The `plot_diagram()` and `plot_image()` methods can be used to generate plots of a diagram and the corresponding image:

```
>>> pers_imager.plot_diagram(pers_dgm, skew=True)
>>> pers_imager.plot_image(pers_dgm, skew=True)
```
A finer resolution image is made by decreasing the `pixel_size` attribute:
```
>>> pers_imager.pixel_size = 0.02
>>>

PersistenceImager object:
pixel size: 0.02 <----
resolution: (50, 50) <----
birth range: (0, 1)
persistence range: (0, 1)
weight: linear_ramp
kernel: bvncdf
weight parameters: {}
kernel parameters: {sigma: [[ 1. 0.]
[ 0. 1.]]}
```
Updating attributes of a PersistenceImager() object will automatically update other dependent image attributes:
```
>>> pers_imager.birth_range = (0, 2)
>>> print(pers_imager)

PersistenceImager object:
pixel size: 0.02
resolution: (100, 50) <---
birth range: (0, 2) <---
persistence range: (0, 1)
weight: linear_ramp
kernel: bvncdf
weight parameters: {}
kernel parameters: {sigma: [[1. 0.]
[0. 1.]]}
```
Other weighting functions can also be used and are implemented in in the `PersistenceImages.weighting_fxns` modules. Here we weight pairs by their persistence squared:
```
>>> pers_imager.weight = pimg.weighting_fxns.persistence
>>> pers_imager.weight_params = {'n': 2}
```
The PersistenceImager() class implements `.fit()` and `.fit_transform()` methods that take an iterable collection of persistence diagrams as input.
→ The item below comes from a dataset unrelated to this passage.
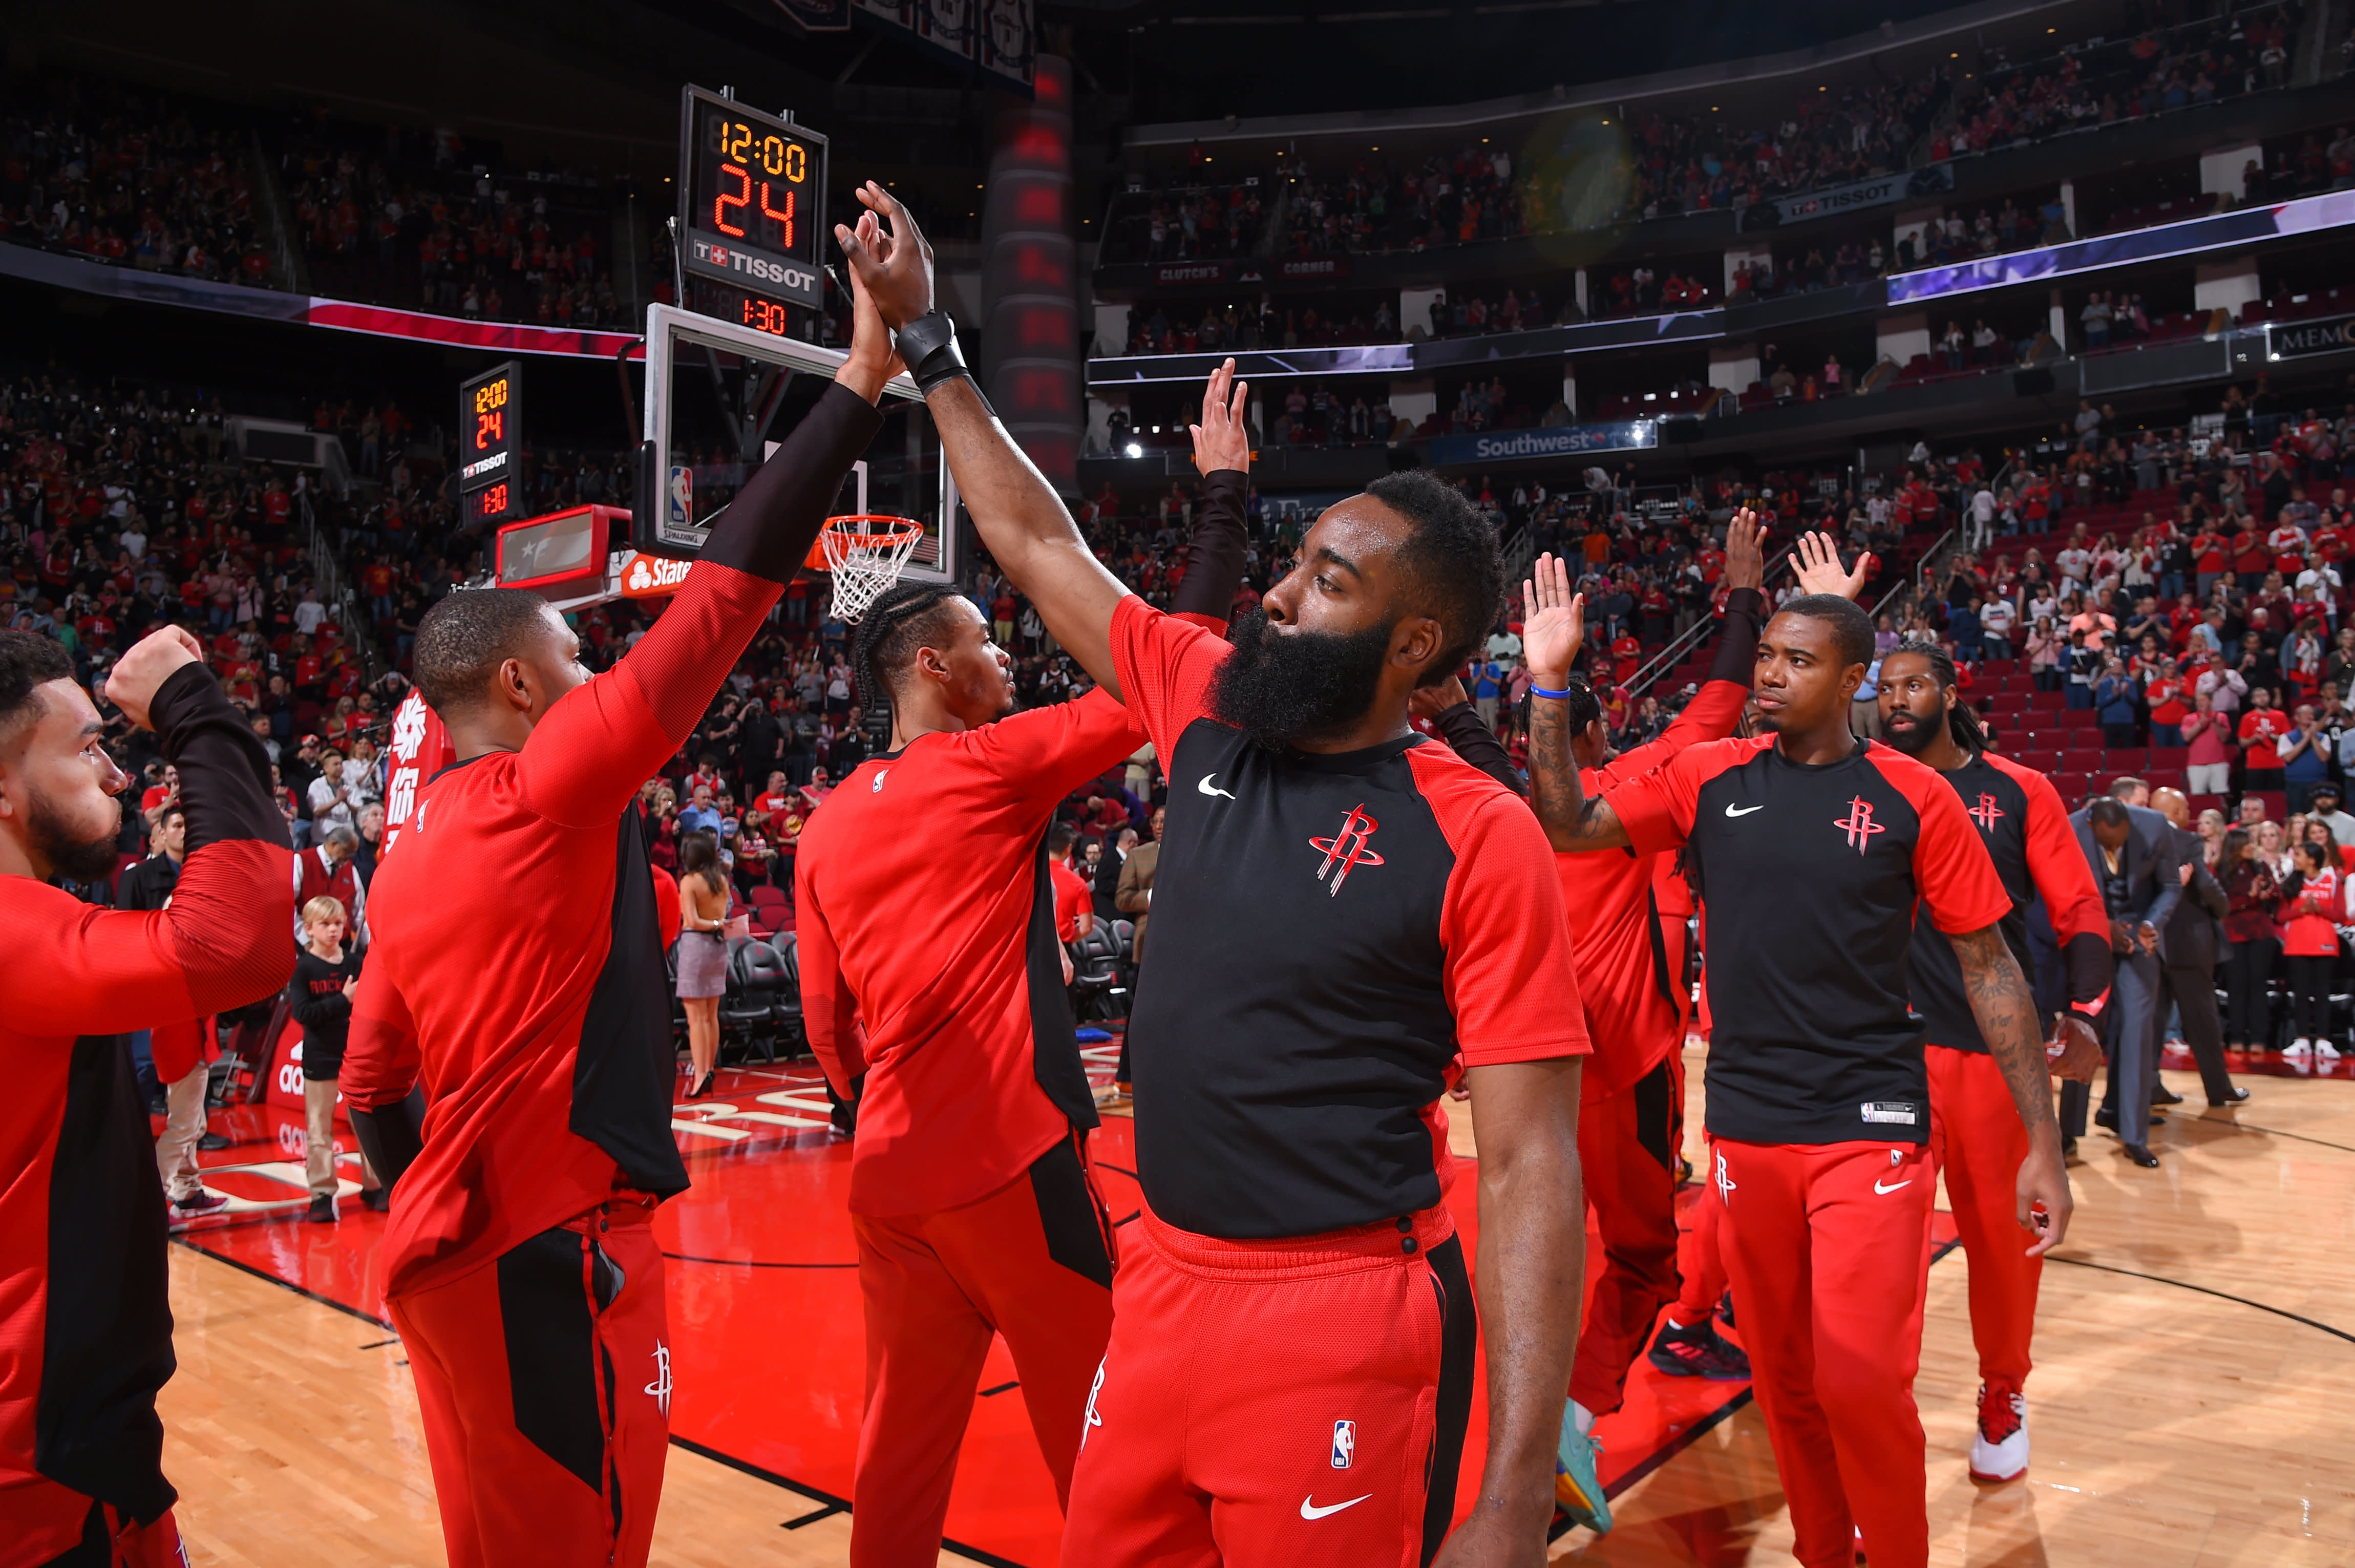 Rockets set new record with 27 threes in single game

Currently these methods simply set the birth and persistence ranges according to the minimum and maximum birth and persistence values of all pairs across the collection of diagrams.
```
>>> pers_imager.fit([np.array([[0.5, 0.8], [0.7, 1.2], [2.5, 4.0]]), np.array([[1.2, 2.1], [0.7, 0.9], [1.1, 4.3]])])
>>> print(pers_imager)

PersistenceImager object:
pixel size: 0.02
resolution: (100, 150) <---
birth range: (0.5, 2.5) <---
persistence range: (0.2, 3.2) <---
weight: persistence
kernel: bvncdf
weight parameters: {n: 2}
kernel parameters: {sigma: [[1. 0.]
[0. 1.]]}
```
To adjust the bandwidth of the Gaussian kernels centered on each persistence pair we change the variances of the 'sigma' parameter of the `bvncdf` (bi-variate normal) kernel.
```
>>> pers_imager.kernel_params = {'sigma': np.array([[.01, 0],[0, .01]])}
```

## License
This project is licensed under the MIT License - see the [LICENSE.md](LICENSE.md) file for details.